Pharmacological: Alpha-1 Adrenergic Antagonist

FDA Approved Indications

Hypertension
Benign Prostatic Hyperplasia (BPH)

Mechanism of Action

Prazosin selectively blocks alpha-1 adrenergic receptors in vascular smooth muscle, resulting in vasodilation and decreased blood pressure. It also relaxes smooth muscle in the prostate and bladder neck, improving urinary flow in BPH.

Dosage and Administration

Adult: Starting dose is typically 1 mg two or three times daily, titrated up as needed to control blood pressure, not exceeding 20 mg per day.
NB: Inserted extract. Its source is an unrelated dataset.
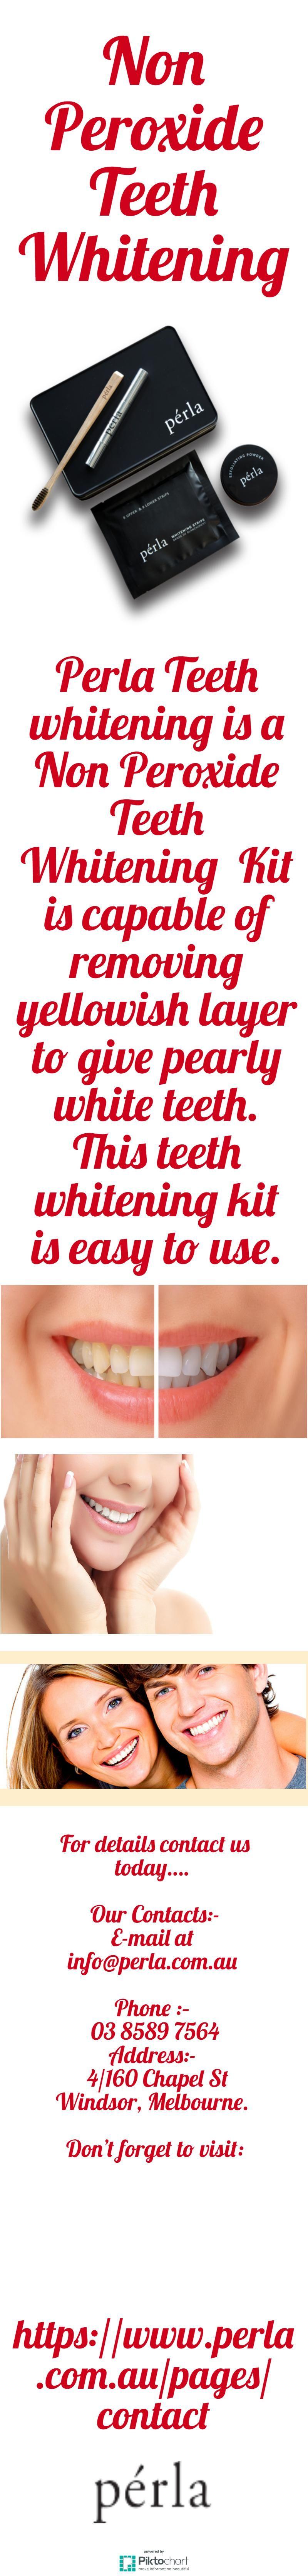 perla teeth whitening is a non peroxide teeth whitening kit is

Pediatric: Not typically used in pediatric patients.

Geriatric: Start at lower doses due to increased sensitivity; titrate carefully.

Renal Impairment: Use caution; dosage adjustment may be necessary depending on severity.

Hepatic Impairment: Use with caution; no specific dosage adjustment established.

Pharmacokinetics

Absorption: Well absorbed orally.

Distribution: Significantly bound to plasma proteins.

Metabolism: Partially metabolized in the liver.

Excretion: Excreted mainly in the urine.

Half Life: 2 to 3 hours.

Contraindications

Hypersensitivity to prazosin or other quinazoline derivatives.

Precautions

Caution in patients with a history of syncope, hepatic impairment, or orthostatic hypotension.

Adverse Reactions - Common

Dizziness (Common)
Drowsiness (Less common)
Headache (Less common)
NV (nausea and vomiting) (Less common)

Adverse Reactions - Serious

Syncope (fainting) (Less common)
Priapism (Rare)
Dyspnea (Rare)
Laryngeal edema (Rare)

Drug-Drug Interactions

Other antihypertensives (additive hypotension)
Phosphodiesterase inhibitors (risk of hypotension)

Drug-Food Interactions

N/A

Drug-Herb Interactions

N/A

Nursing Implications

Assessment: Monitor blood pressure regularly, especially during dose titration and for orthostatic hypotension.

Diagnoses:

Risk for Falls related to hypotension and dizziness.
Ineffective tissue perfusion related to vasodilation.

Implementation: Administer initially at bedtime to decrease episodic dizziness. Titrate dose gradually. Educate patient to rise slowly from sitting or lying position.

Evaluation: Evaluate blood pressure response, symptom improvement, and adverse effects.

Patient/Family Teaching

Take medication exactly as prescribed.
Rise slowly from seated or lying positions to avoid dizziness and falls.
Notify healthcare provider if experiencing dizziness, fainting, or other concerning symptoms.
Avoid sudden changes in position.

Special Considerations

Black Box Warnings:

None currently

Genetic Factors: None established.

Lab Test Interference: May cause false-positive results in certain lab tests for catecholamines.

Overdose Management

Signs/Symptoms: Severe hypotension, dizziness, tachycardia or bradycardia, syncope.

Treatment: Place patient in supine position, monitor vital signs, administer IV fluids as needed, use vasopressors if necessary; activated charcoal if ingestion is recent.

Storage and Handling

Storage: Store at room temperature, away from moisture and heat.

Stability: Stable under recommended storage conditions.